Synopsys and NVIDIA Double Down on Acceleration
$2b Investment from NVIDIA and Joint Development Agreement
Engineering has become a compute problem. Everything from chips to cars to industrial systems now depends on simulation, verification and modelling tools that push straight into the limits of traditional computer hardware performance. The simulation tools, multiphysics engines, and electronic design automation sit behind nearly every modern product. But everyone wants to do more, faster. If you can do that, there are better opportunities for customers, engagement, and productivity.
That context brings us to today’s announcement. NVDA 0.00%↑ and SNPS 0.00%↑ revealed that they are entering a broad multi-year partnership to accelerate a large portion of Synopsys’ EDA, simulation & multiphysics portfolio using NVIDIA portfolio. This means mostly GPUs and using AI models and digital twin platforms to accelerate Synopsys’ portfolio above and beyond the current implementation, especially in areas that have been CPU dominated since the advent of chip design.
To reinforce that alignment, NVIDIA is also making a two billion dollar investment into Synopsys’ common stock at $414.79 per share as part of the agreement.
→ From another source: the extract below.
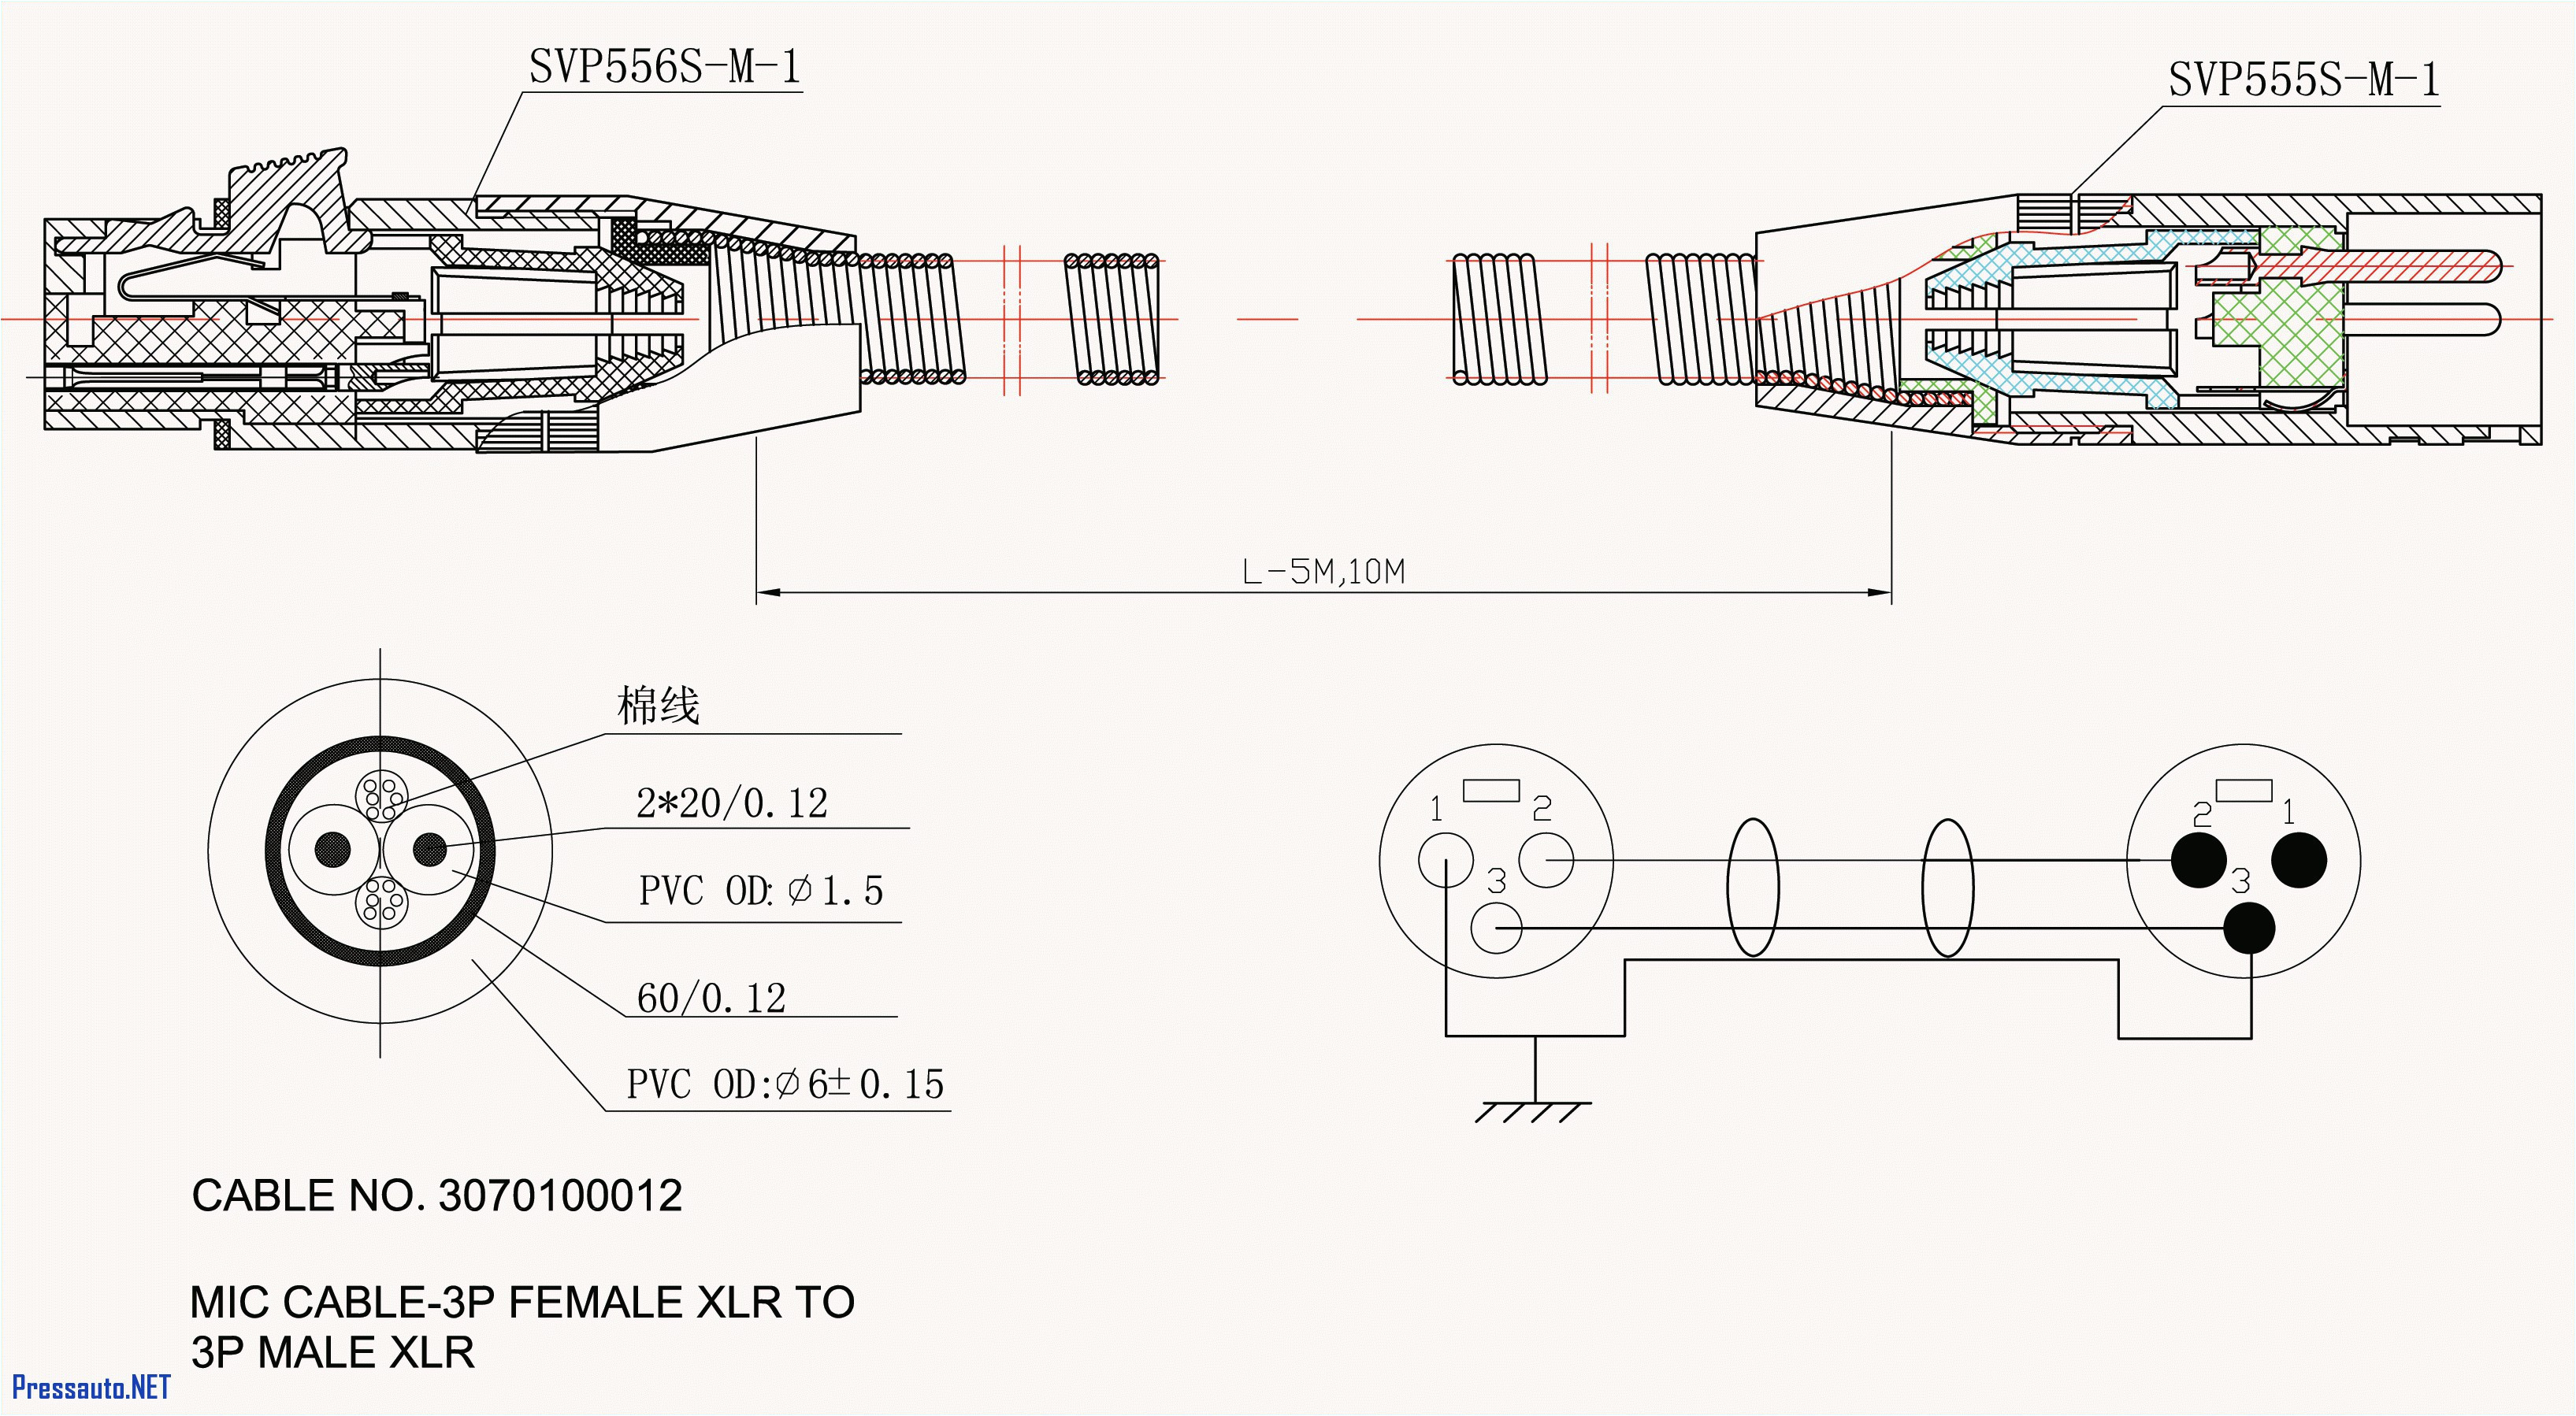 male xlr wiring diagram wiring diagram datasource6 pin xlr wiring diagram wiring diagram toolbox male xlr
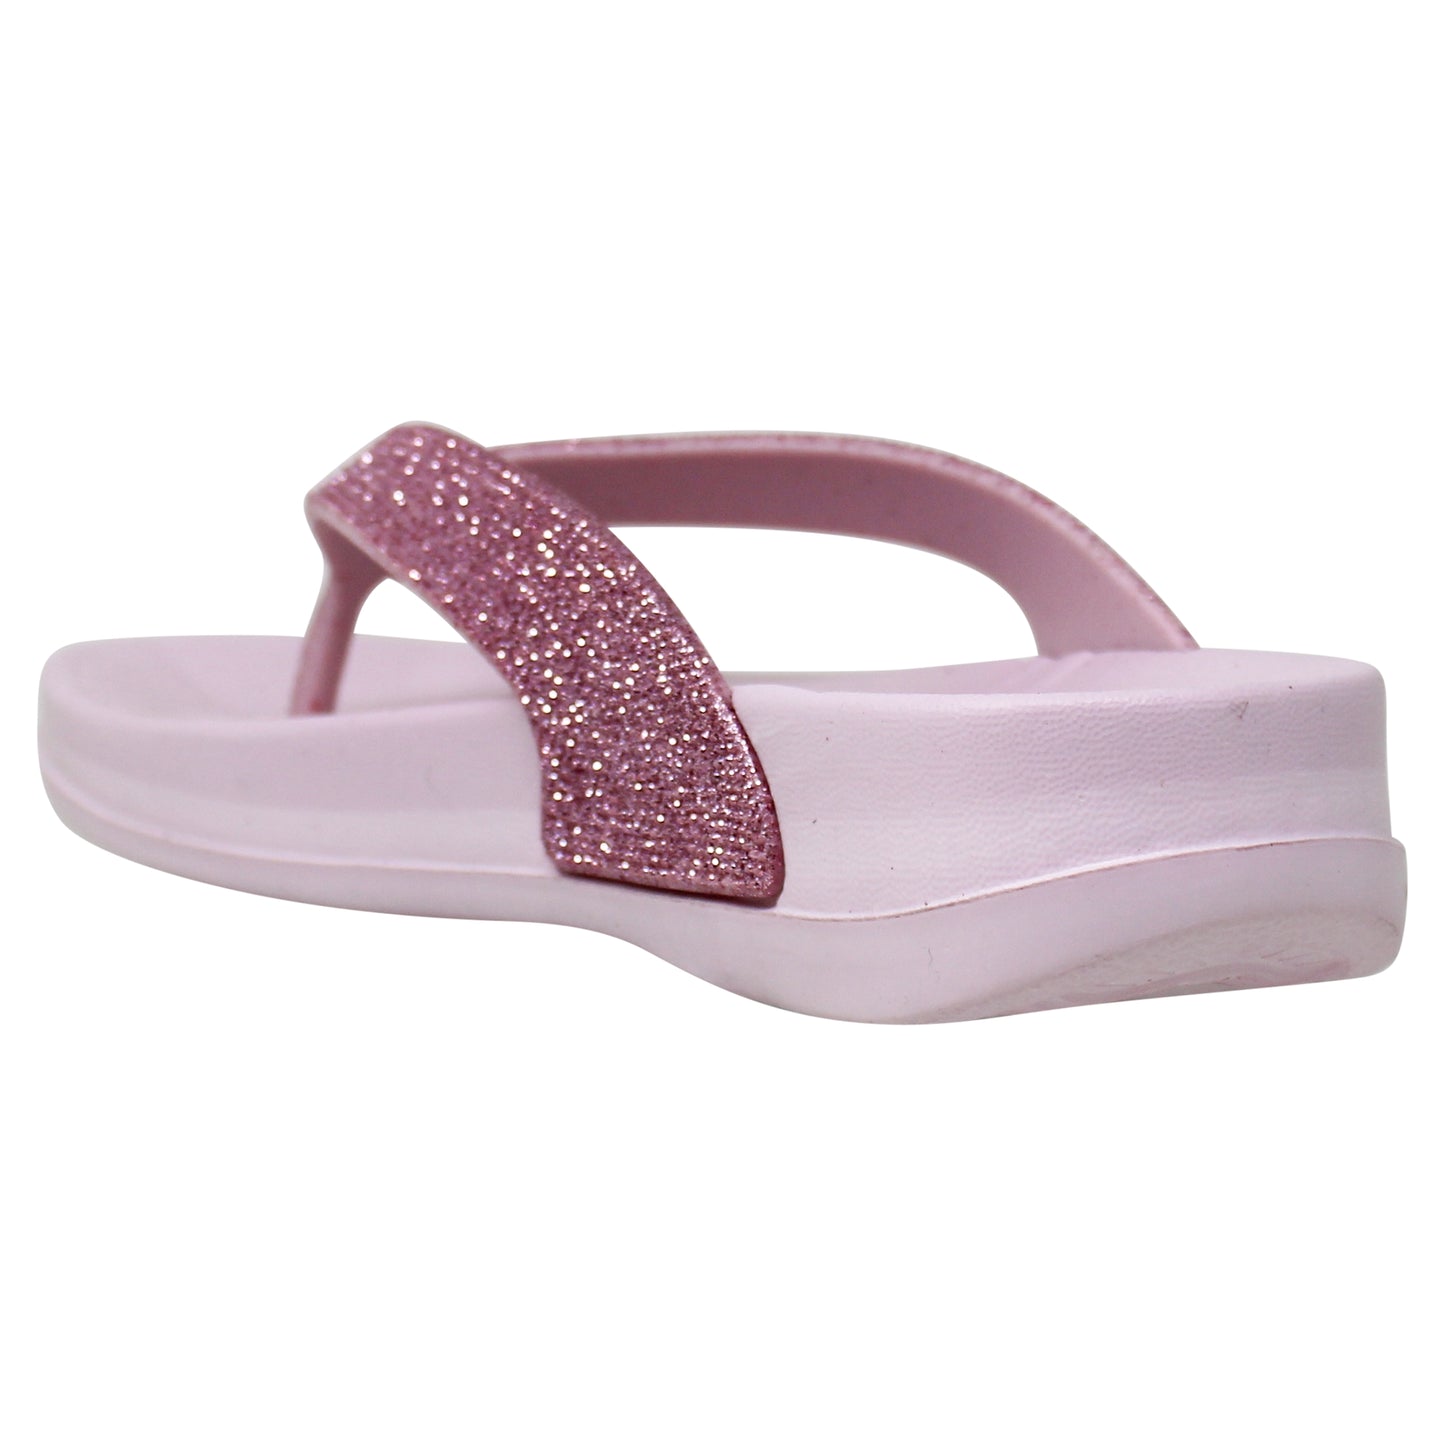 SOBEYO Womens Flat Platform Sandals Light-Weight Glitter Flip Flop Thong Pink

On the surface this looks like a standard collaboration between a compute vendor (NVIDIA) and a software vendor (Synopsys), but the implied scope from the details is much larger. The engagement is to link together compute acceleration, AI assisted engineering, digital twins and solver reformulation in joint strategy to accelerate Synopsys’ go-to-market strategy in a way that spans everything from transistor level design to complete physical products across all of engineering. I mean all of it.
For readers outside the EDA world, this is unusual. Partnerships in this sector are normally narrow; related to one tool, one workflow, one integration. Here the companies are attempting something a bit more than that, which is perhaps a product of the current market. Synopsys has said it will lead the charge, accelerate its chip design, physical verification, optical simulation, molecular modelling, mechanical analysis & electromagnetic tools, using NVIDIA tools. NVIDIA will collaborate to provide optimized CUDA, AI frameworks, NeMo agents, NIM microservices & Omniverse support to Synopsys’ portfolio. The combined strategy, claim the companies, will allow customers to run larger or quicker simulations, tighten the time between iteration loops, and begin replacing some physical prototyping with virtual environments where it makes sense.
As part of the announcement, there was a CEO Q&A session for press and analysts from Jensen Huang and Sassine Ghazi. The press release was a little light on explicit detail, so the following topics were top of mind for the attendees:
Moving safety critical workloads onto GPUs that were historically done on CPUs.
The role of AI surrogate models in the engineering loop
The nature of the financial stake through share issuance, and exclusivity
How to reformulate solvers that were originally designed for CPUs
What this means for customers who rely on heterogeneous compute
I also had a separate Q&A session with Ravi Subramanian (Synopsys) and Tim Costa (NVIDIA) to ask some additional follow ups.
Jensen set the tone in his prepared remarks, noting that “CUDA GPU accelerated computing is revolutionizing design, enabling simulation at unprecedented speed and scale, from atoms to transistors, from chips to complete systems, creating fully functional digital twins inside the computer.”
Sassine framed Synopsys’ role as the software layer that can bring these capabilities into actual engineering workflows, telling the call that “no two companies are better positioned to deliver AI powered holistic system design solutions than Synopsys and NVIDIA.”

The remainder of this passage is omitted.